The cardinals had asked the pope about St John Paul II’s declaration that “the church has no authority whatsoever to confer priestly ordination on women.”

The pope’s comments came in response to a “dubia” letter dated 10 July seeking clarification on doctrinal questions written by five retired cardinals: US Cardinal Raymond L. Burke (Pictured), German Cardinal Walter Brandmüller, Mexican Cardinal Juan Sandoval Íñiguez, Guinean Cardinal Robert Sarah and Chinese Cardinal Joseph Zen. Photo: CNS photo/Paul Haring
The pope’s comments came in response to a “dubia” letter dated 10 July seeking clarification on doctrinal questions written by five retired cardinals: US Cardinal Raymond L. Burke (Pictured), German Cardinal Walter Brandmüller, Mexican Cardinal Juan Sandoval Íñiguez, Guinean Cardinal Robert Sarah and Chinese Cardinal Joseph Zen. Photo: CNS photo/Paul Haring

“Nobody can publicly contradict” the church’s current rules prohibiting women’s ordination, the pope wrote, “however it can be a subject of study, as is the case with the validity of ordinations in the Anglican Communion.”

The letter asked if synodality could form part of the church’s governing structures as an exercise of the church’s supreme authority, to which Pope Francis replied that synodality “as a style and energy, is an essential dimension in the life of the church.”

Besides, he told the cardinals, “with these very questions you manifest your need to participate, to freely express your opinion and to collaborate, thus calling for a form of synodality in the exercise of my ministry.”

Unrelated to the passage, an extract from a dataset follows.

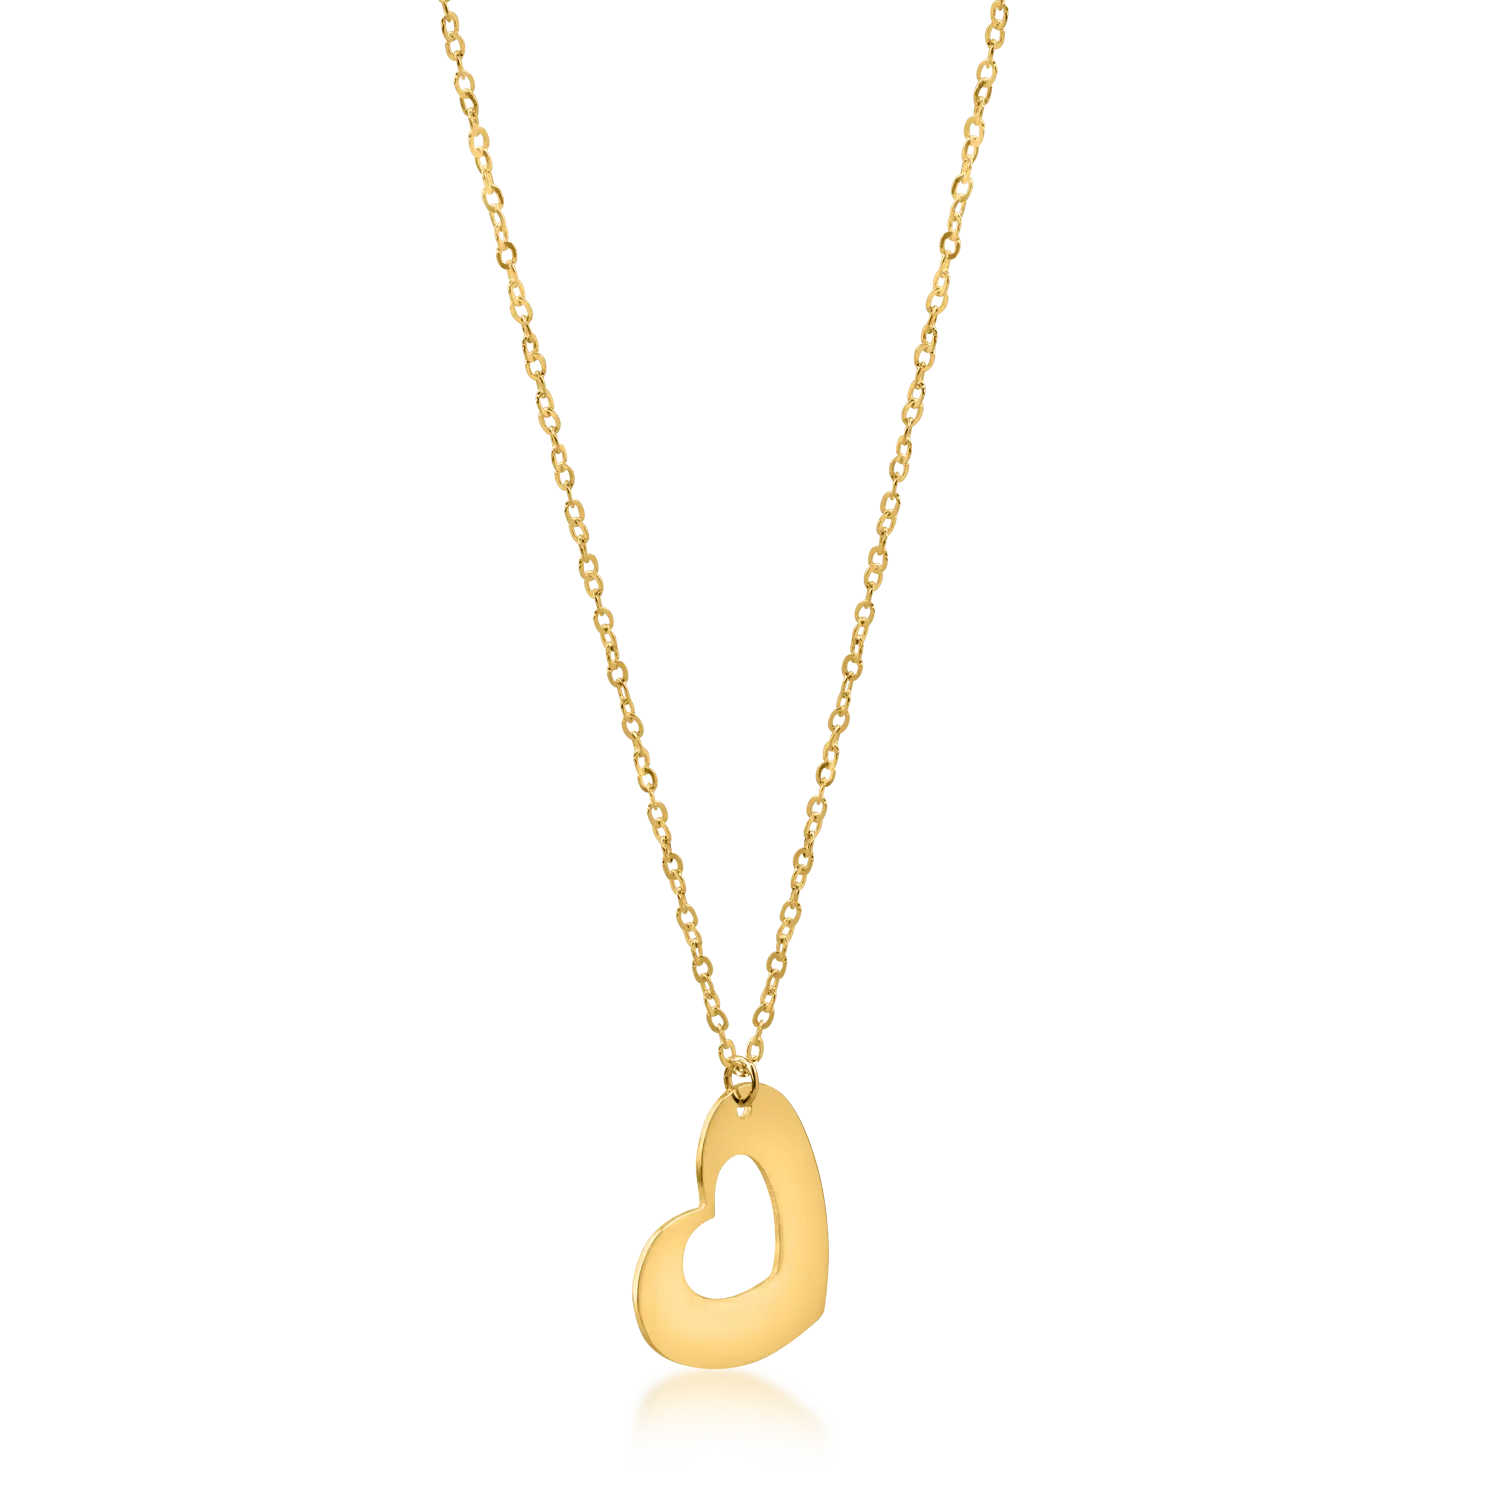 Yellow gold heart pendant necklace

The Vatican also released responses to 10 further questions submitted by Czech Cardinal Dominik Duka in relation to the Holy Father’s 2016 Apostolic Exhortation, Amoris Laetitia, and the question of “the administration of the Eucharist to divorced couples living in a new union.”

The Czech cardinal’s own “dubia” letter was submitted on 13 July, on behalf of the Czech Bishop’s Conference, while the response issued on 25 September was signed by both the Holy Father andCardinal Fernández.

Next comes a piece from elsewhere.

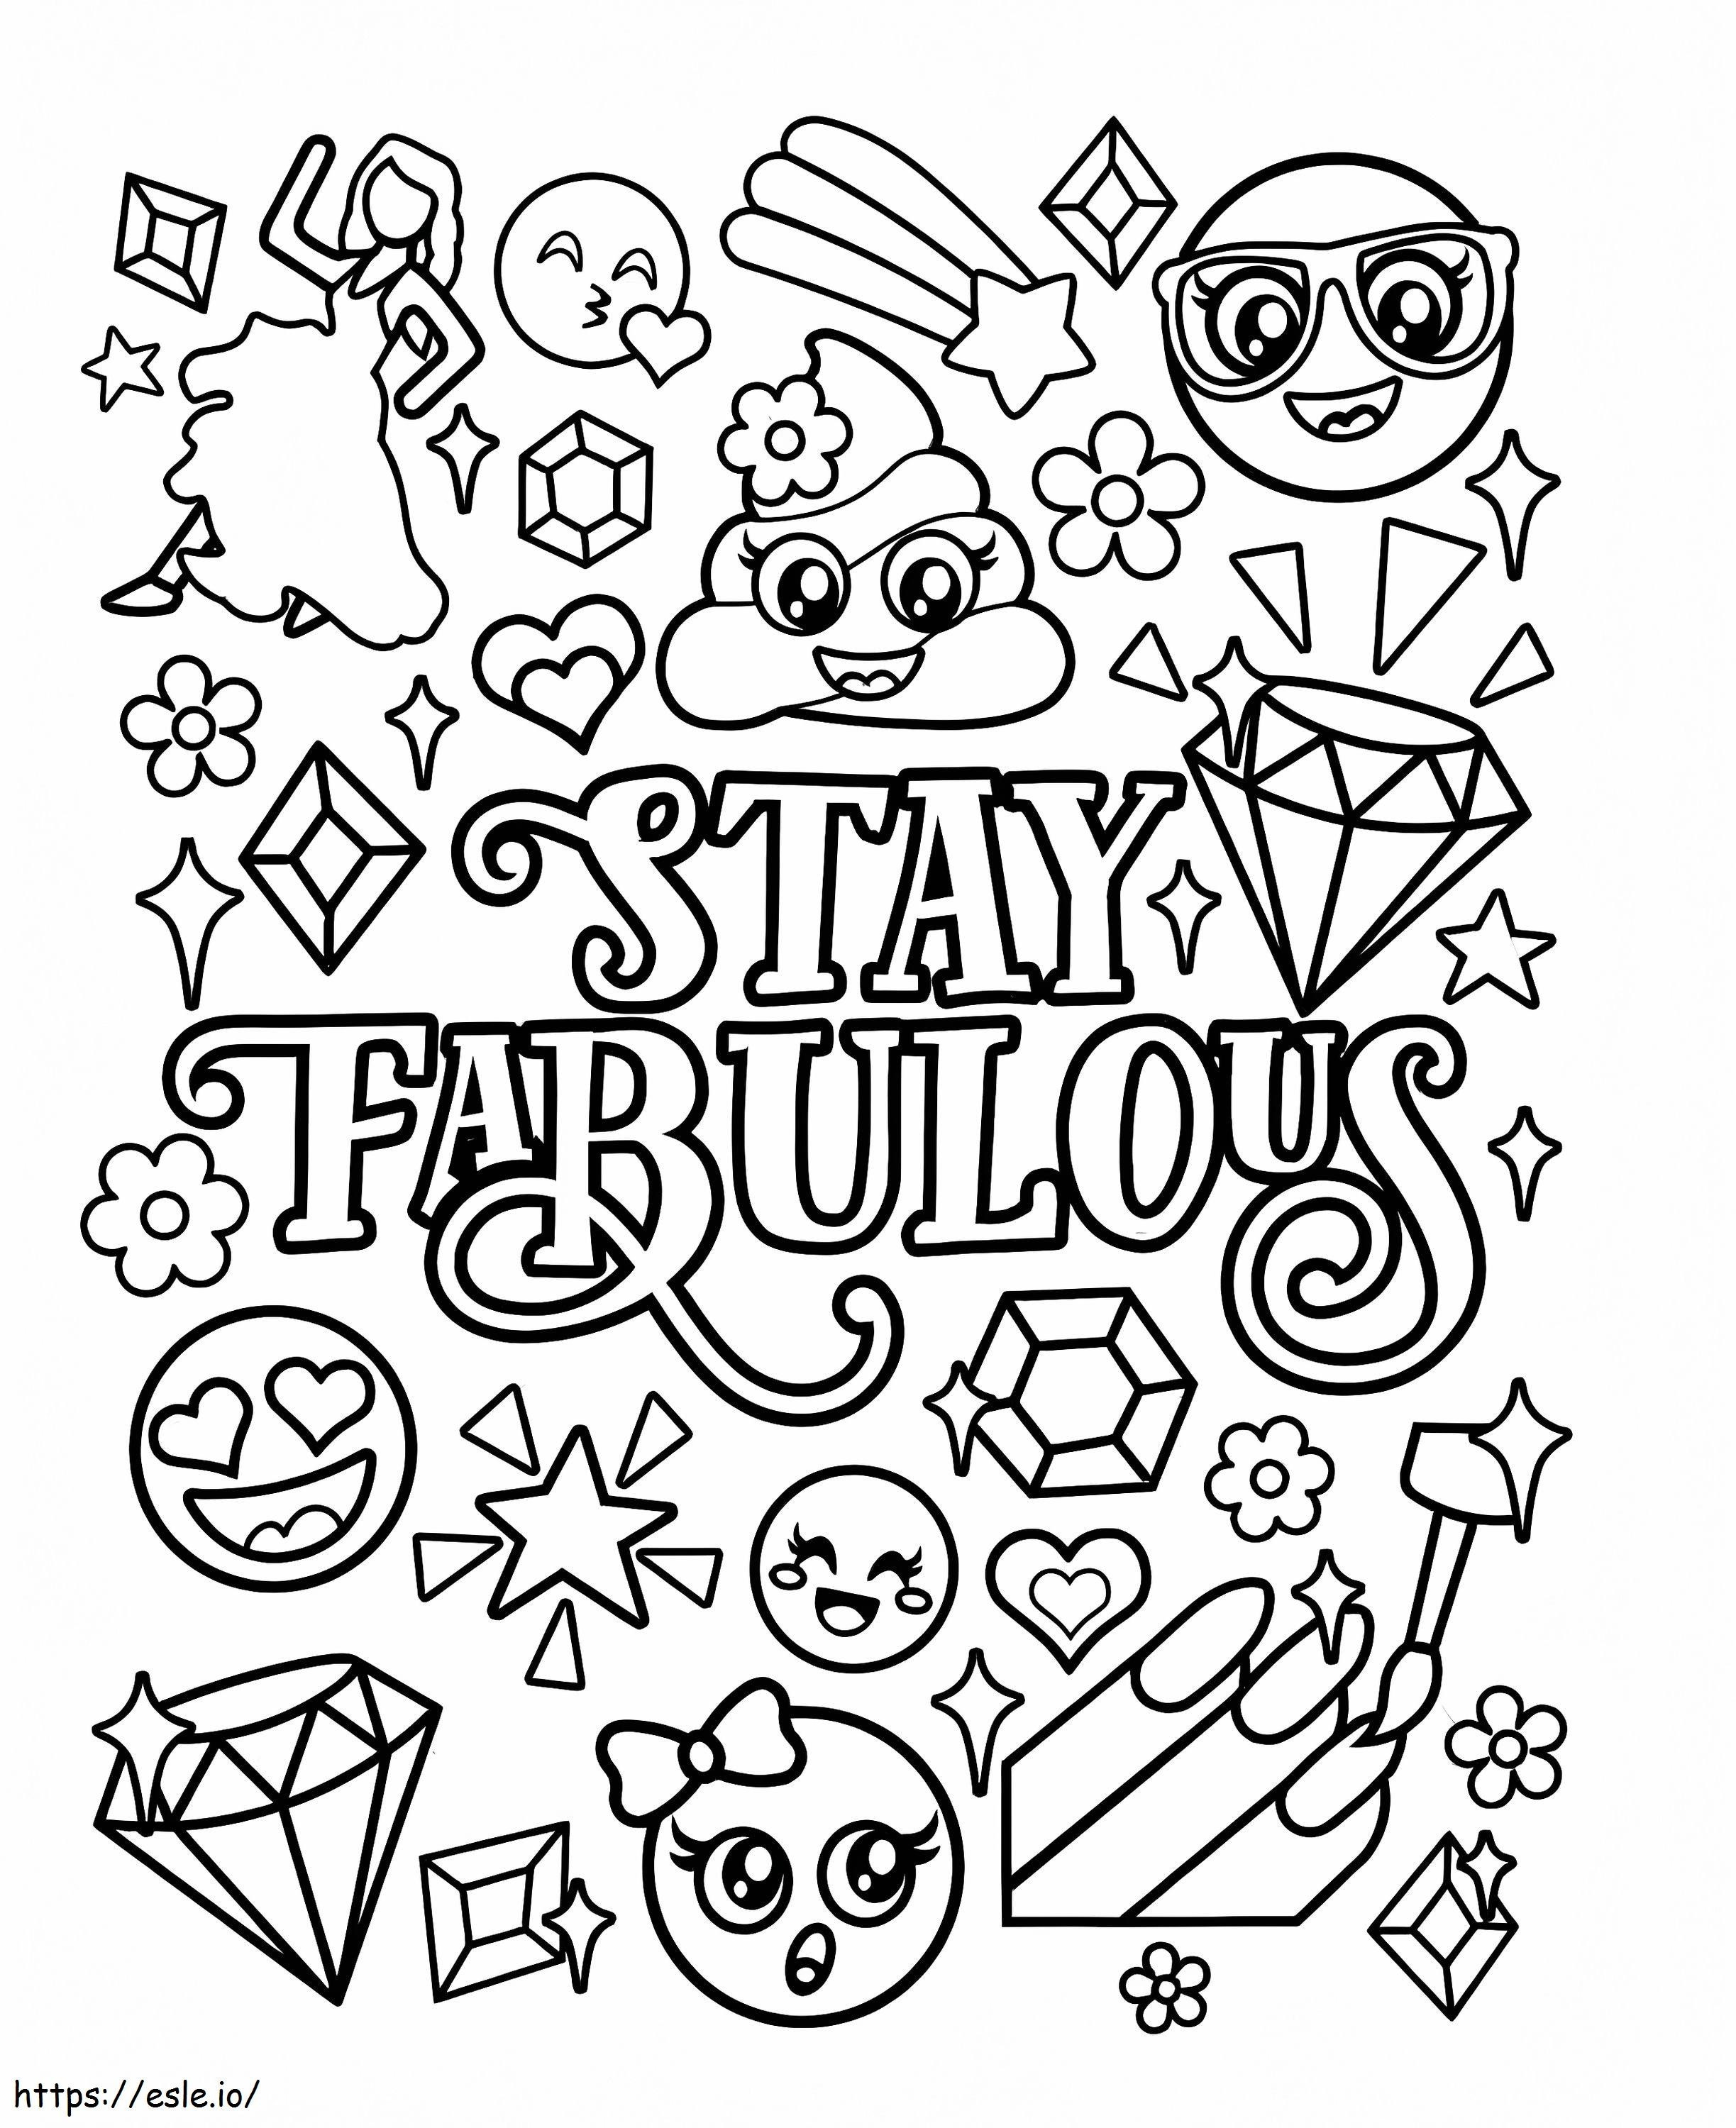 Stay Fabulous Emojis coloring page

Regarding admittance to the Eucharist for divorced and remarried Catholics, Cardinal Fernández wrote that priests should provide pastoral accompaniment but “it is each person, individually, who is called to put himself before God and expose his conscience to him, with both its possibilities and its limits.”

“This conscience, accompanied by a priest and enlightened by the guidelines of the Church, is called to be formed to evaluate and give a sufficient judgment to discern the possibility of accessing the sacraments.”

The National Catholic Register reported that the response from the Dicastery for the Doctrine of the Faith states that, “remarried divorcees should ask themselves how they behaved towards their children when the marital union entered into crisis; whether there have been attempts at reconciliation; how the partner’s situation is abandoned; what consequences the new relationship has on the rest of the family and the community of the faithful; what example it offers to young people who must prepare for marriage.”

The response from the Vatican also said bishops should develop criteria based on Amoris Laetitia for their dioceses, asking for bishops conferences to agree on “minimum criteria.”